Keep the pictures out. Write out every line of the listing exactly.

* _STORED DATA_:
:::

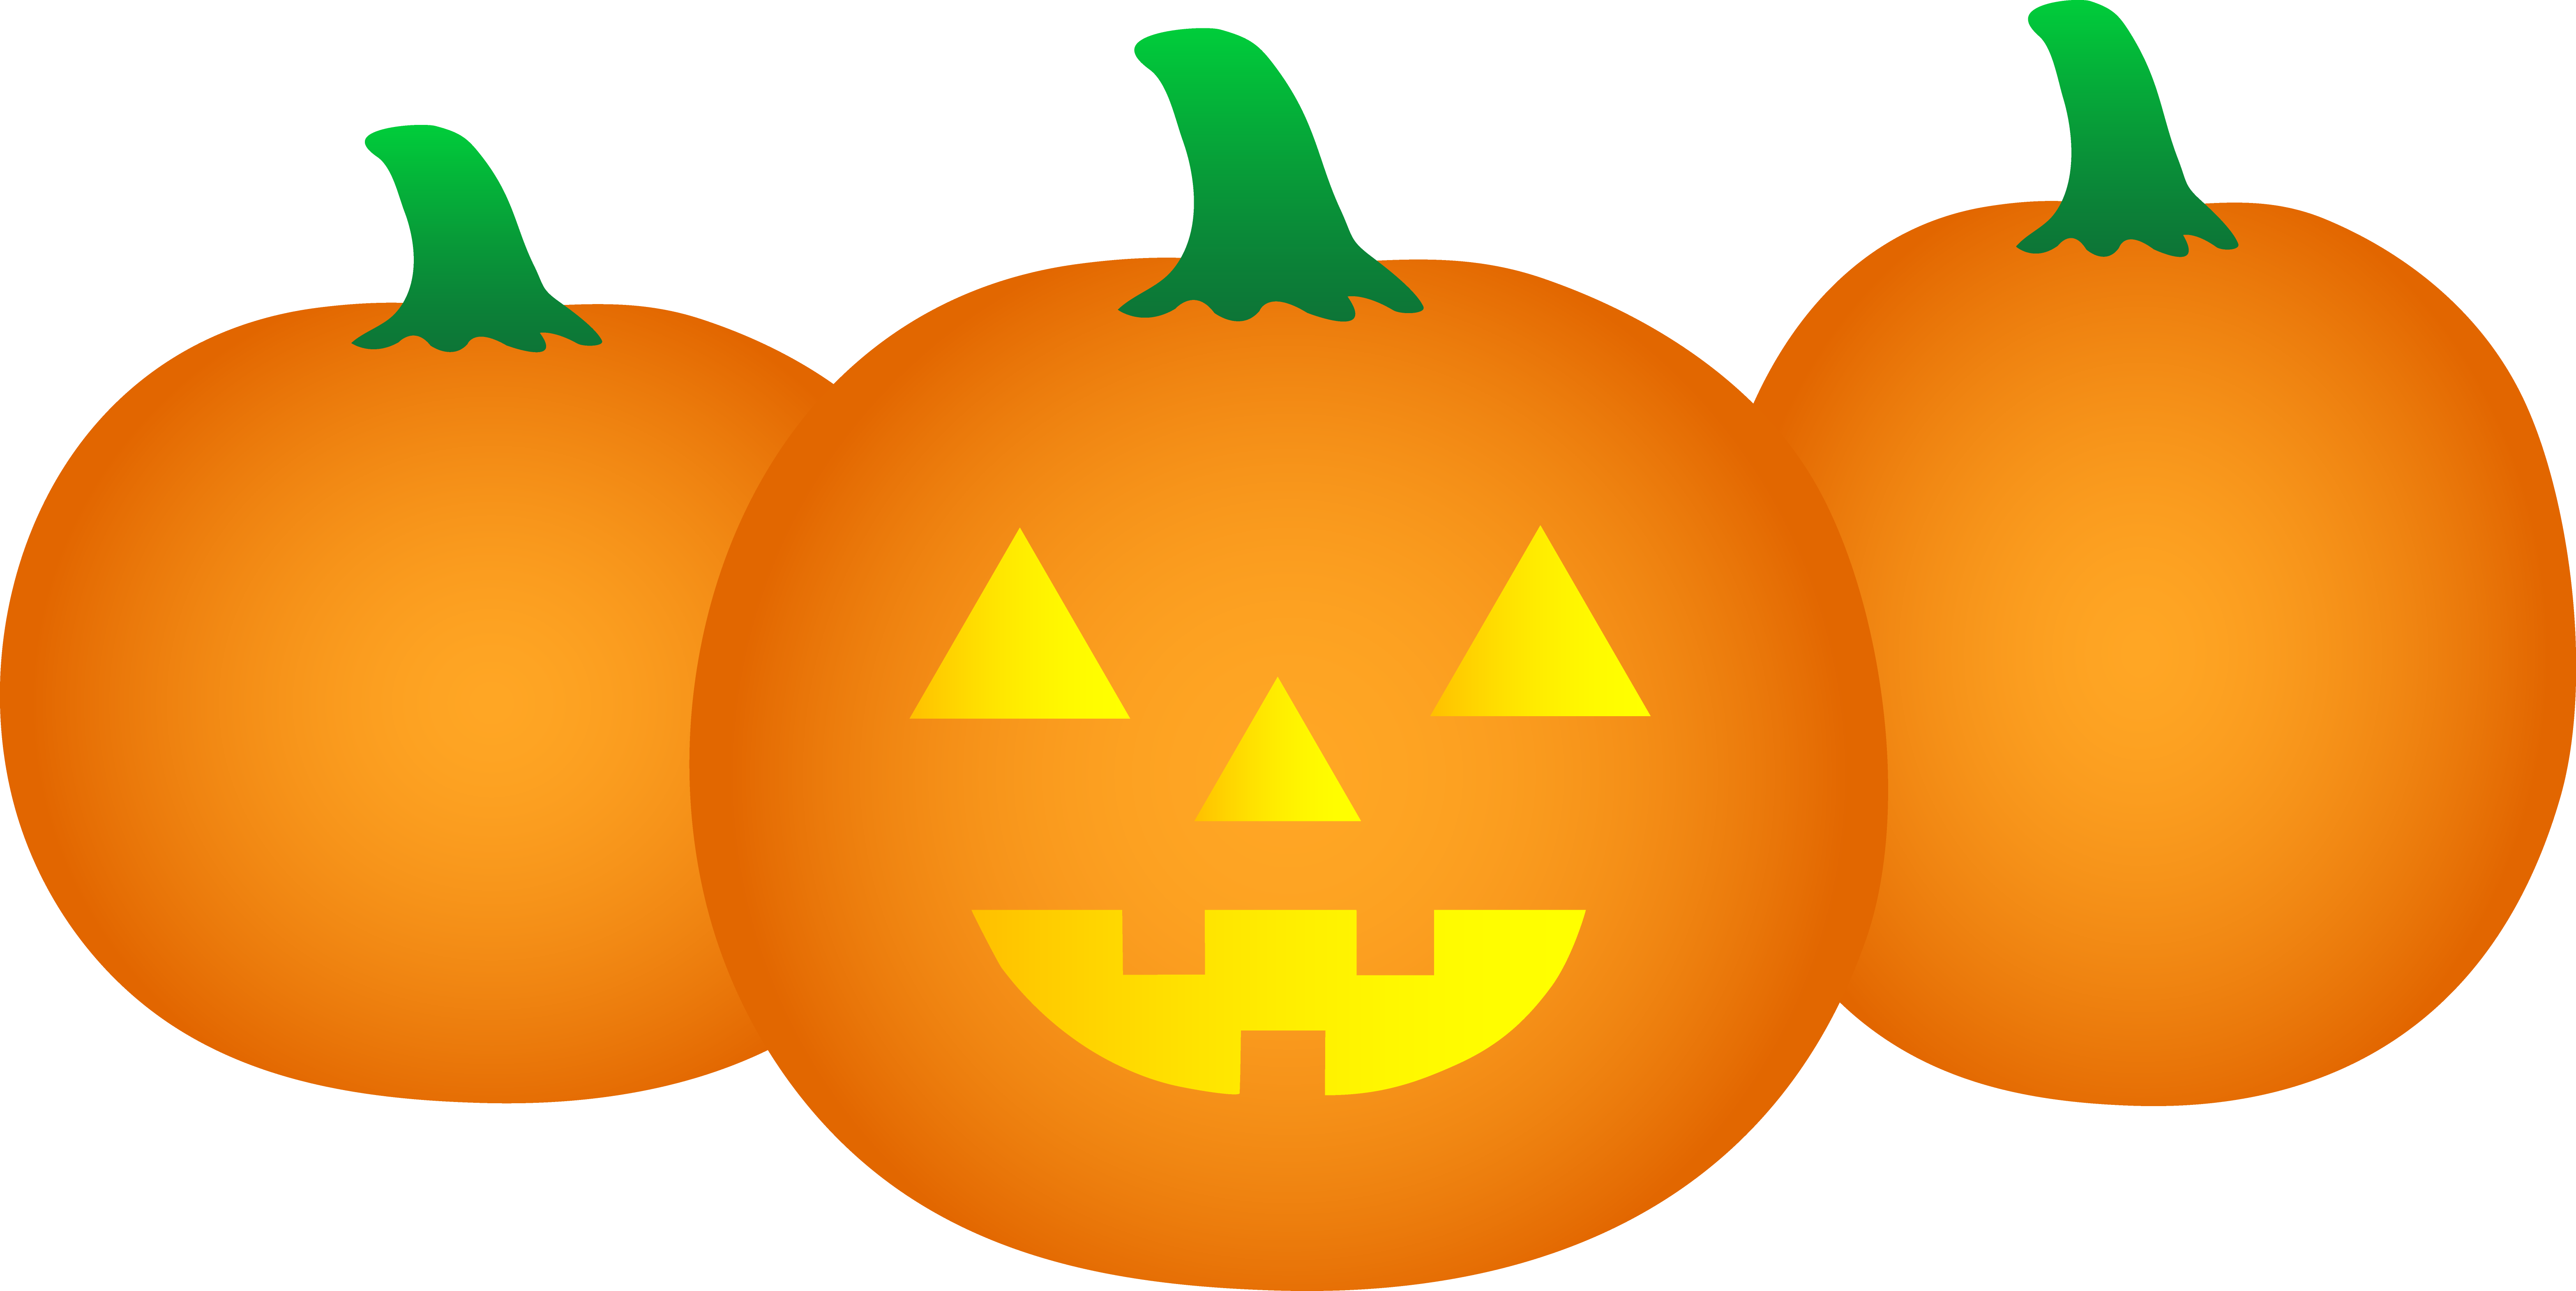 Clip Arts Related To : halloween clip art pumpkin. view all Pumpkins Clip.....
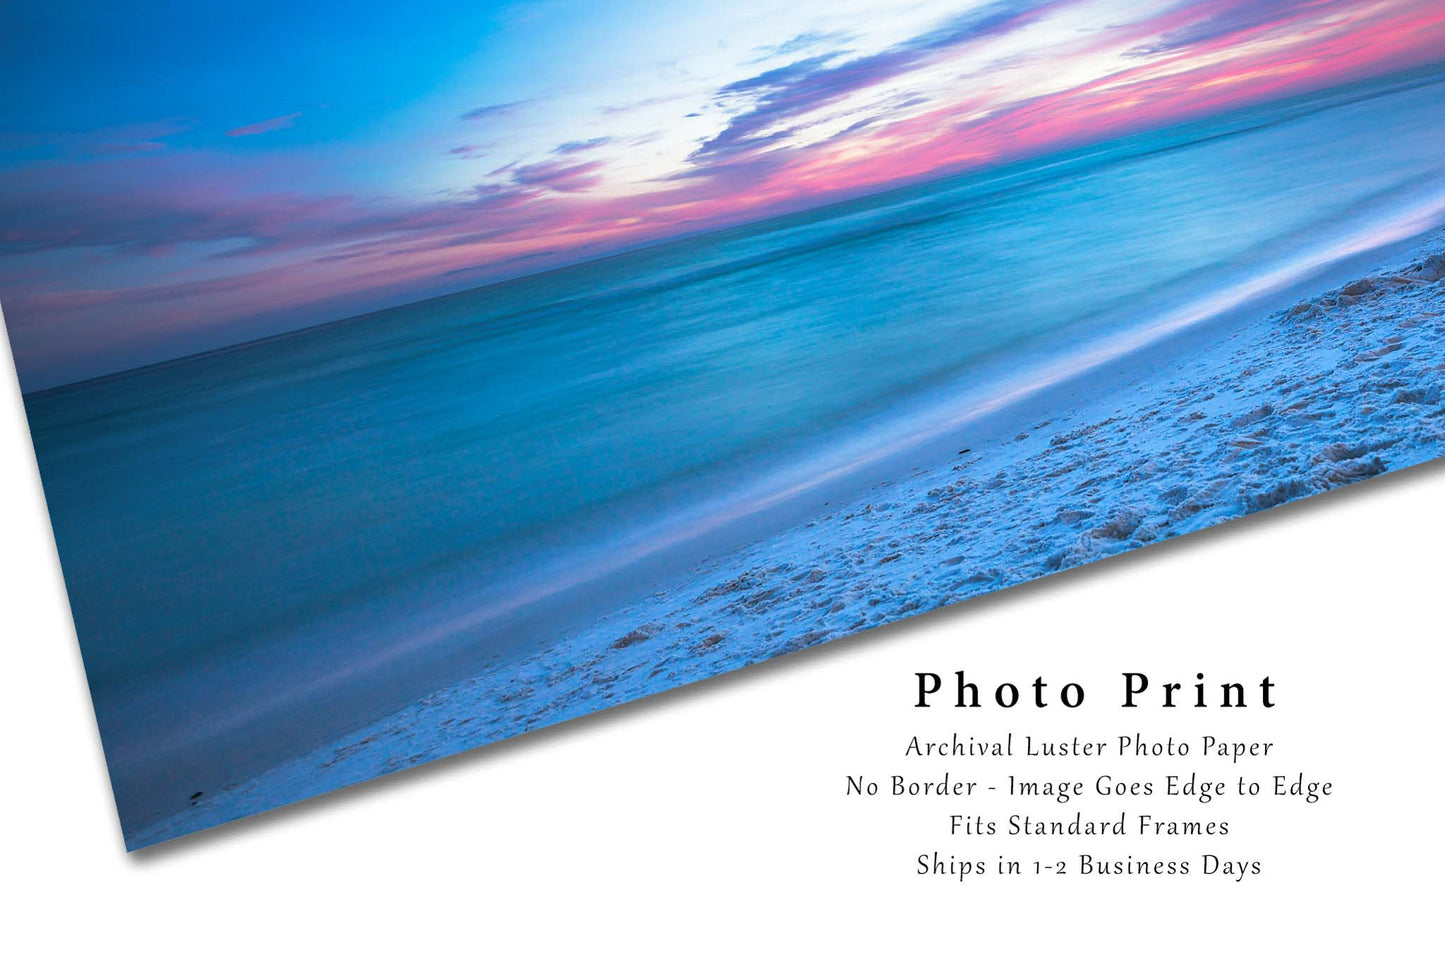 Coastal Photography Print (Not Framed) Picture of Scenic Sunset over Beach along Emerald Coast near Destin Florida Seascape Wall Art Gulf Coast Decor
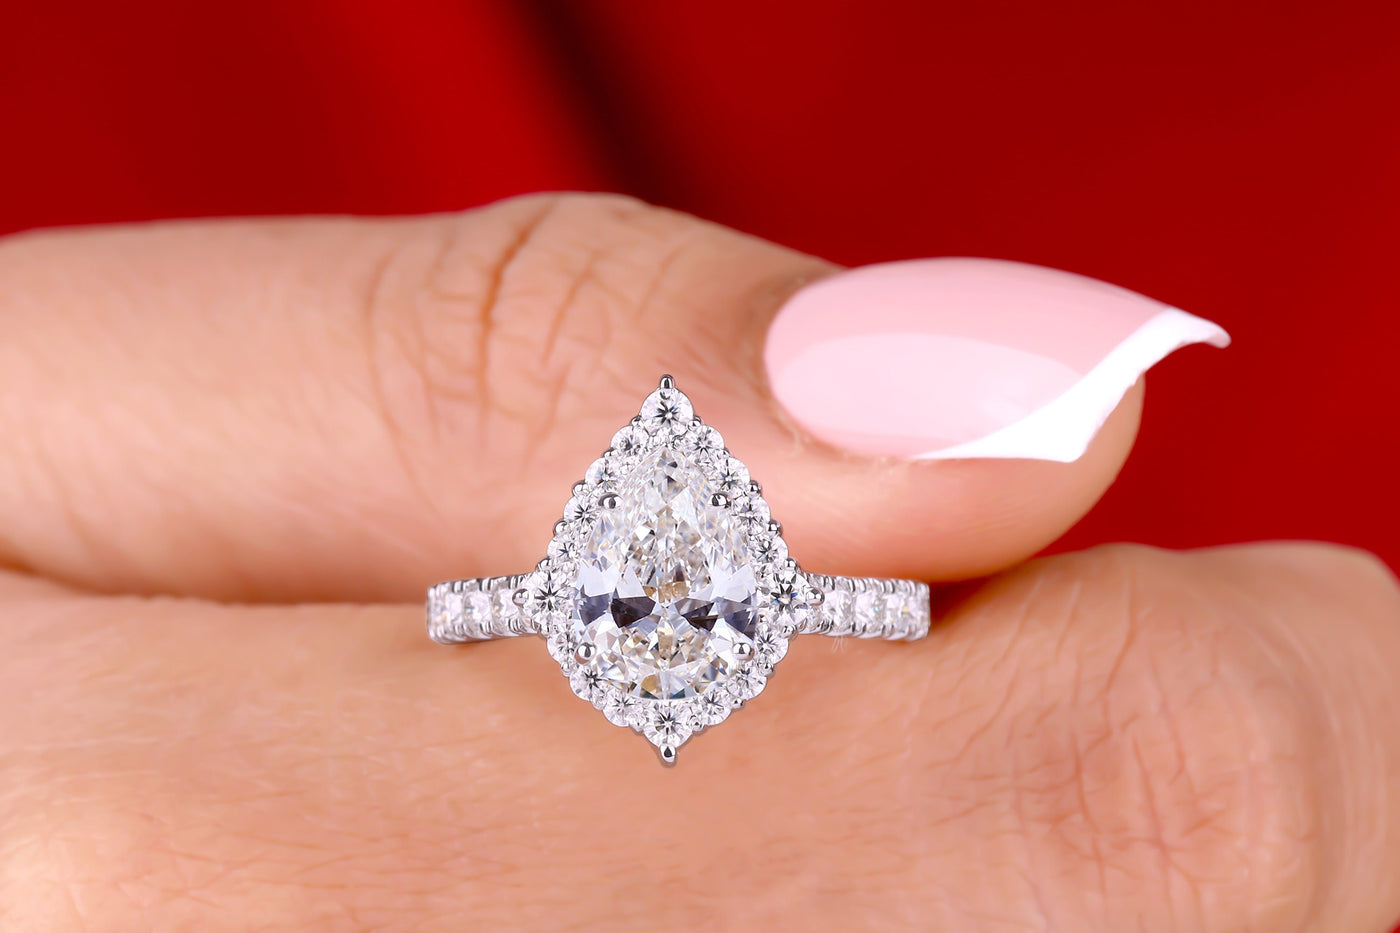 2.50 CT Pear Cut Moissanite Engagement Ring, Teardrop Bridal Ring, Halo Moissanite Wedding Ring, 14K White Gold Ring, Pear Halo Promise Ring
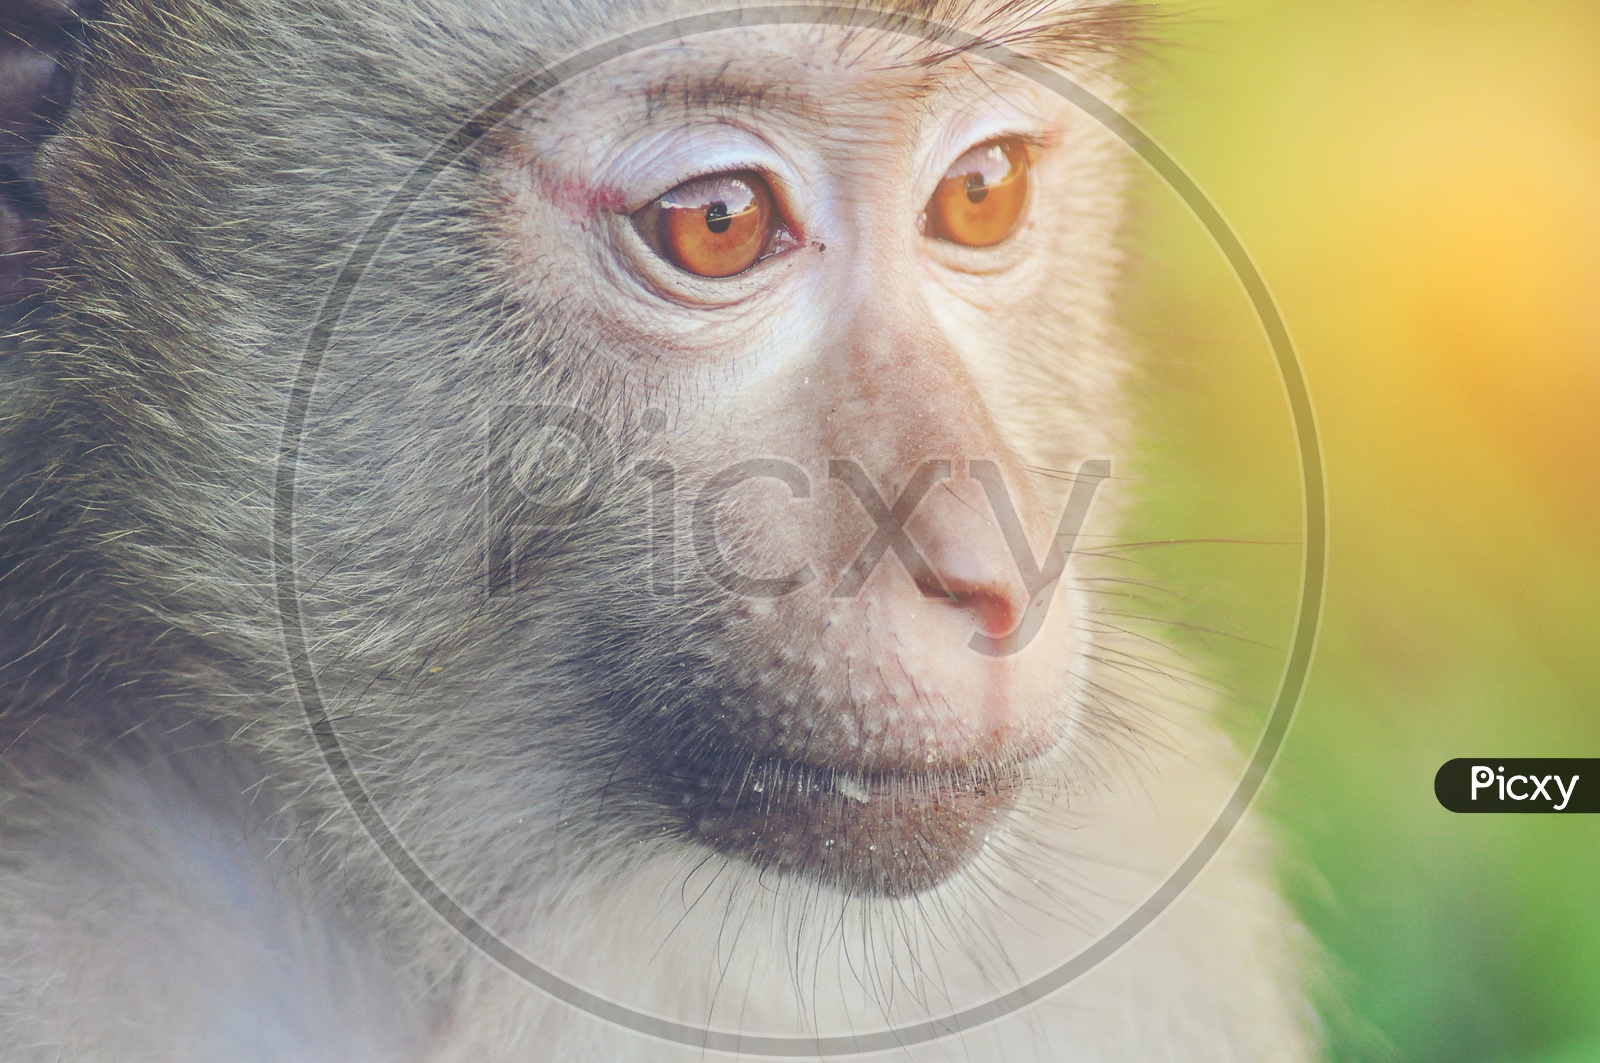 Face Closeup  wild monkey

:::

* _SOLUTION TO THIS TASK_:
 Clip Arts Related To : halloween clip art pumpkin. view all Pumpkins Clip.....
 Coastal Photography Print (Not Framed) Picture of Scenic Sunset over Beach along Emerald Coast near Destin Florida Seascape Wall Art Gulf Coast Decor
 2.50 CT Pear Cut Moissanite Engagement Ring, Teardrop Bridal Ring, Halo Moissanite Wedding Ring, 14K White Gold Ring, Pear Halo Promise Ring
 Face Closeup  wild monkey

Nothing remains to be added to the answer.